Боюсь темноты, когда открыто окно, больших собак, мух, если они летят прямо в лицо. И когда мама плачет – боюсь. Оля сказала, что из меня защитник хреновый.

Хреновый – это никакой. Но щиплющий. Когда я в защите, сразу щиплет в носу и в глазах. Все думают, что я собираюсь плакать. А я и собираюсь.

Получается, что я и защищаю, как хрен, и плачу, как хрен.

В нашем городе в хрен добавляют свеклу. И он – в банках когда – очень красивый, ярко-фиолетовый. А в их городе не добавляют. У них хрен белый и скучный.

А Оля сказала: «Запомните: вы чужие, вам ничего нельзя! Ведите себя там…» – и заплакала. Котя тоже заплакал, чтобы Оле было удобно говорить свои плохие слова.

А я тогда сказал: «Чужие – это не значит ненужные».

Меня «та другая бабушка», Катя моя, так научила.

Чужие иногда очень даже нужные. Машинки, например, коньки роликовые или мыльные пузыри.

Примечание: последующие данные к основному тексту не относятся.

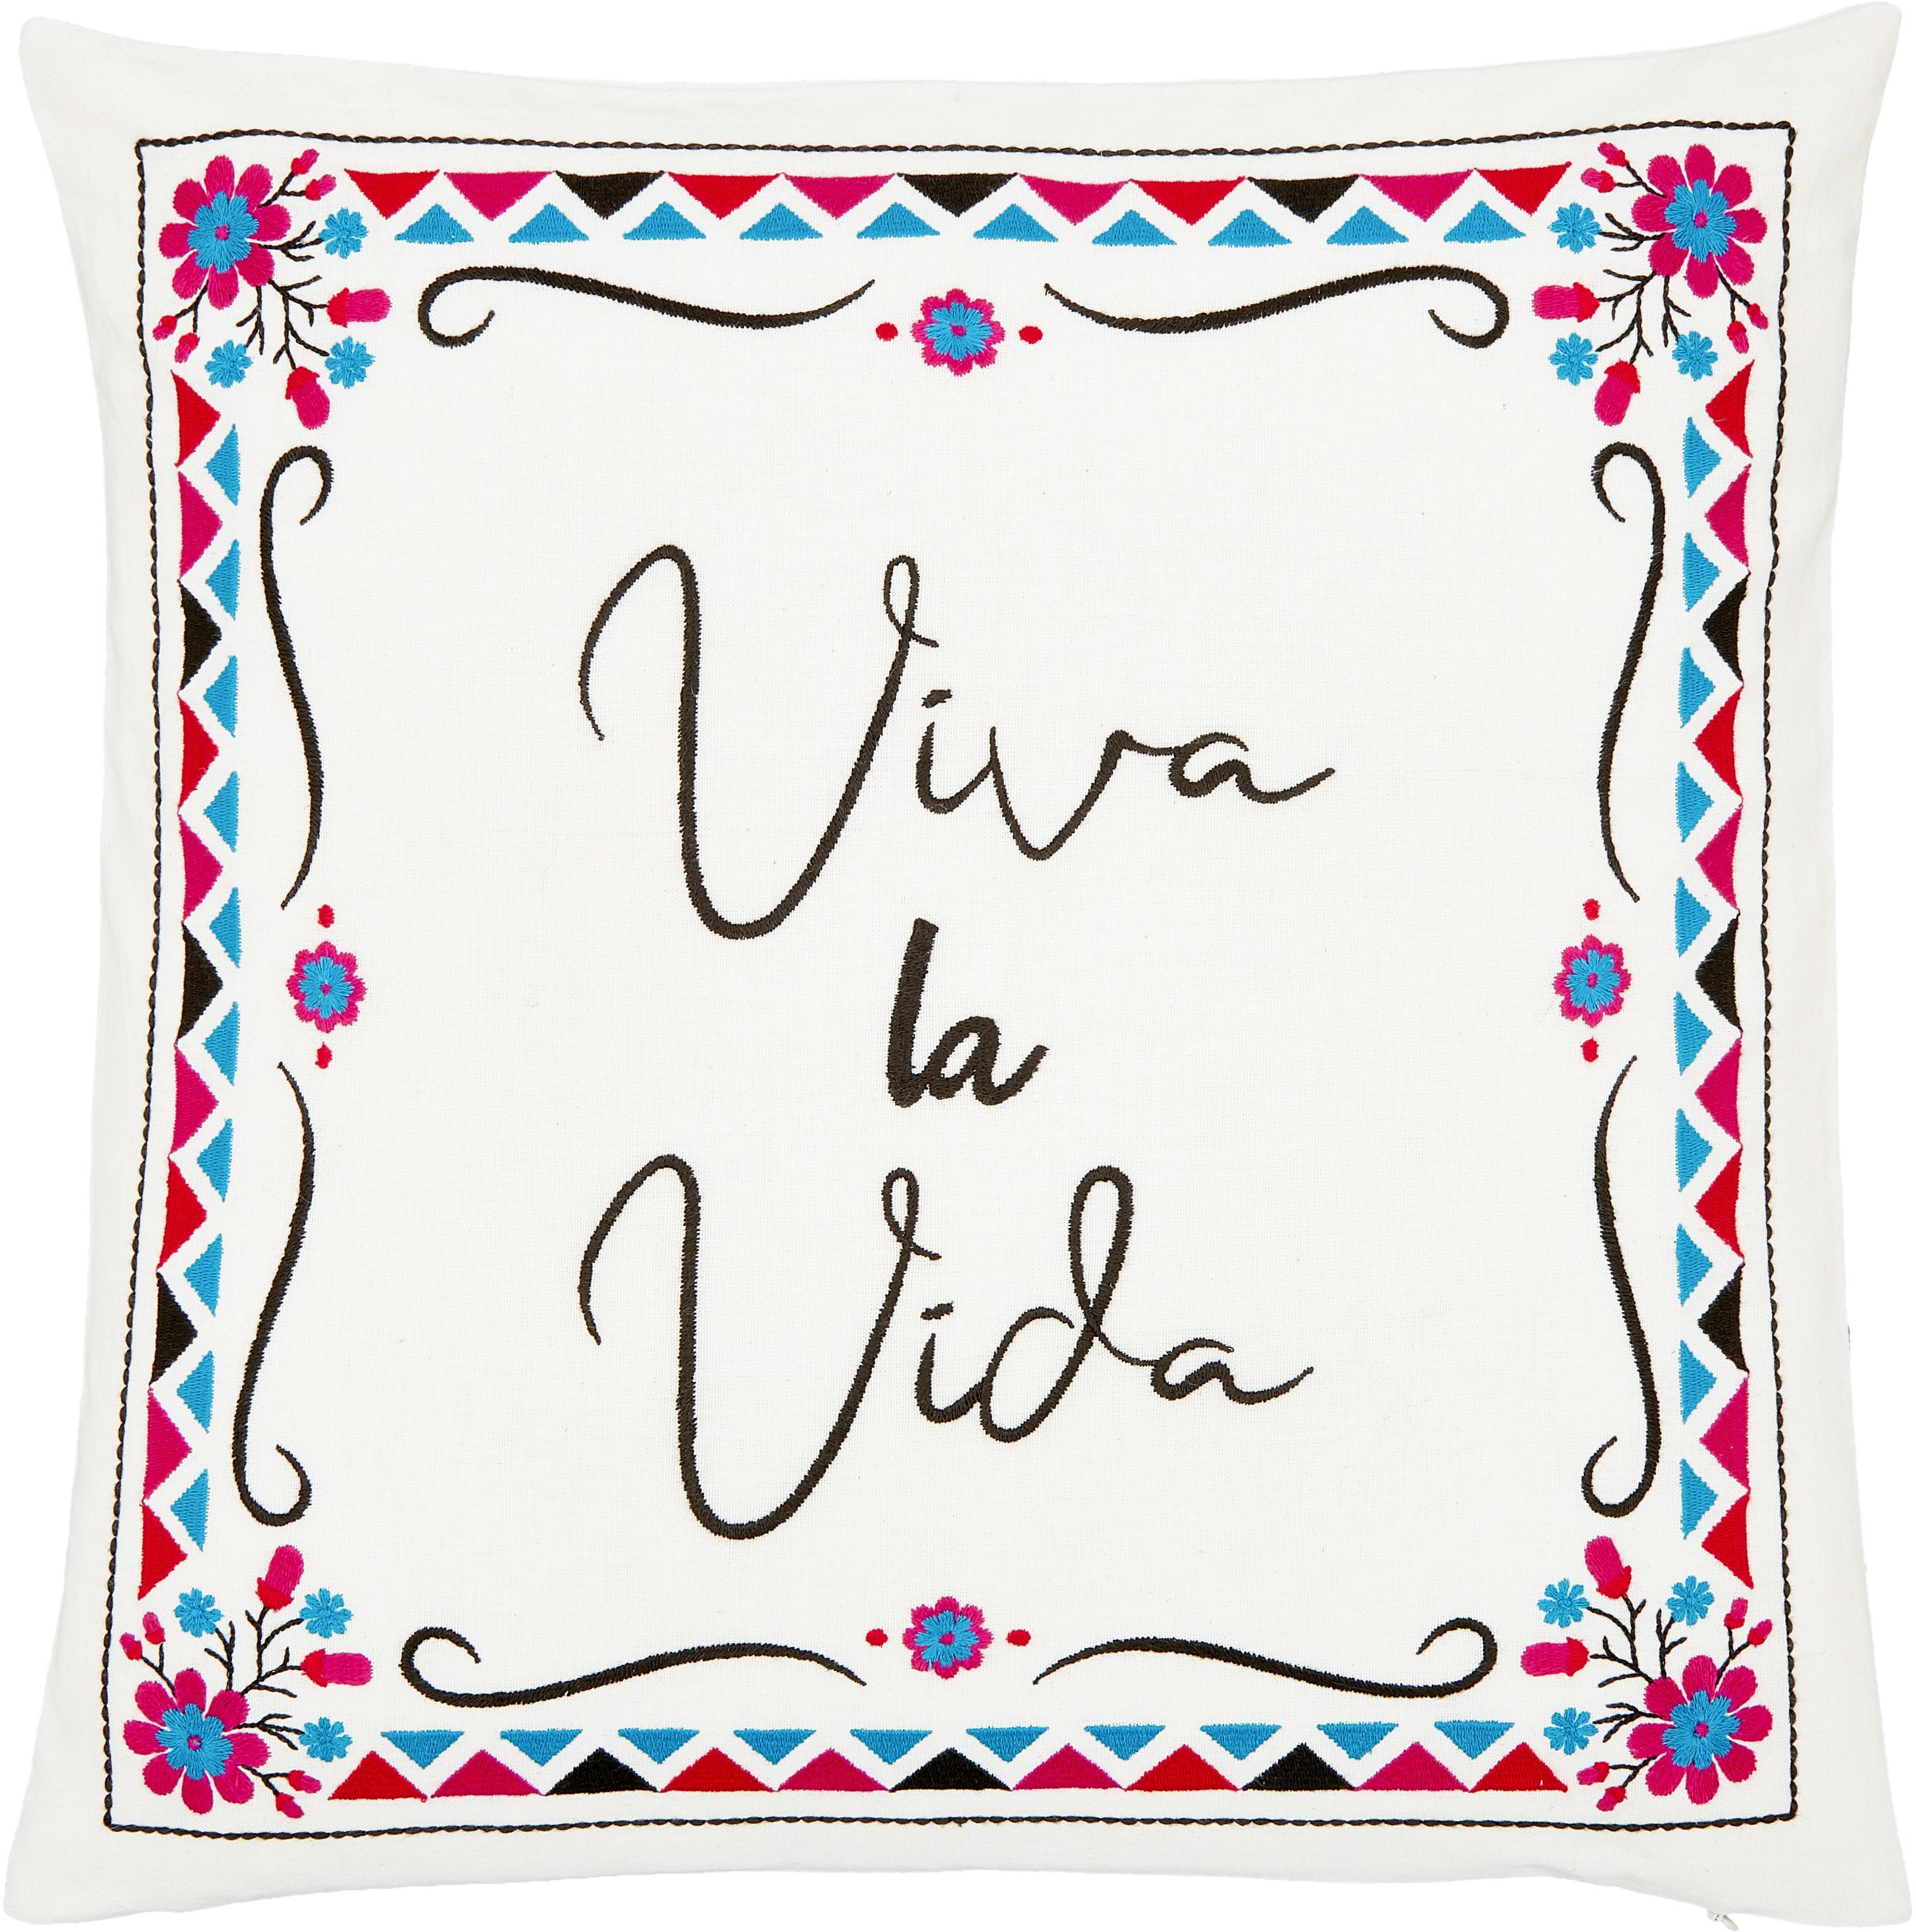 Funda de cojín bordada Viva la Vida, Algodón, Blanco crema, multicolor, An 45 x L 45 cm

А первого сентября мама отвела меня в школу в этом их холодном городе. Мамин-не-муж сказал, чтобы я называл его так, как мне нравится. Я спросил: «И город переменит тогда свое имя на мое?» А мамин-не-муж сказал, что имел в виду себя, потому что города в наших отношениях совершенно лишние.

Мне никак не нравится. Мне никак не нравится его называть.

Оля называет его кобелем. Кобель – это муж суки. А этот – ничей не муж. Но получается, если он женится на маме, то мама будет сукой. Правильно?

Неправильно! Оля дала мне по губам. Не до крови. Просто она меня так готовила к ремню и помойке. «Привыкай теперь, тренируйся», – сказала.

Котя называет его Шреком. Хотя Шрек – добрый, а этот еще неизвестно какой. Скорее всего, злой.

Мама называет его Зайчик. А раньше зайчиком она называла меня.

Еще у него есть имя и отчество. Как у нашей учительницы. Но другое.

Учительница сказала, что наша жизнь теперь изменится. И мама так сказала. Учительница сказала, что мы научимся писать, читать и считать. И очень повзрослеем.

А я поднял руку и сказал, что уже умею. И спросил, можно ли мне уйти. А лучше даже уехать. Я пообещал, что обязательно вернусь, когда все другие дети тоже научатся. Но другие дети сказали, что умеют еще лучше писать, читать и считать.

Я спросил: «Зачем мы тогда все здесь сидим?»

А учительница сказала: «Умный ты очень, как я посмотрю».

Слова – хорошие. Я их записал в тетрадку, чтобы показать маме. А учительница сказала, что писать без спроса нельзя. И что я все испортил.

* * *

Их новый город я рассмотреть не успел. Но он все равно мне не понравился. И не понравится никогда. Пусть тут хоть три Пушкина сидели в своих лукоморьях.

Раньше я думал, что «Лукоморье» – это марка машины. Американской, наверное. А теперь мне все равно.

Зато у мамы будет еще один мальчик. Он родится, а потом, еще через четыре недели, будет Новый год.

Мальчик нам всем будет как подарок. Мы с Котей должны будем его любить, потому что он наш брат.

Мамин-не-муж сказал, что мальчика назовут Владимиром. Вовкой. А Котя сказал, что лучше бы Дияром, в честь его друга. А этот, мамин-не-муж, обиделся и ответил: «Когда своих родишь, назовешь, как хочешь!» А Котя ему: «Мужчины детей не рожают!» А этот: «Спасибо, что сообщил!» А Котя: «А я еще много чего знаю!» А этот: «Ну и сиди молча!»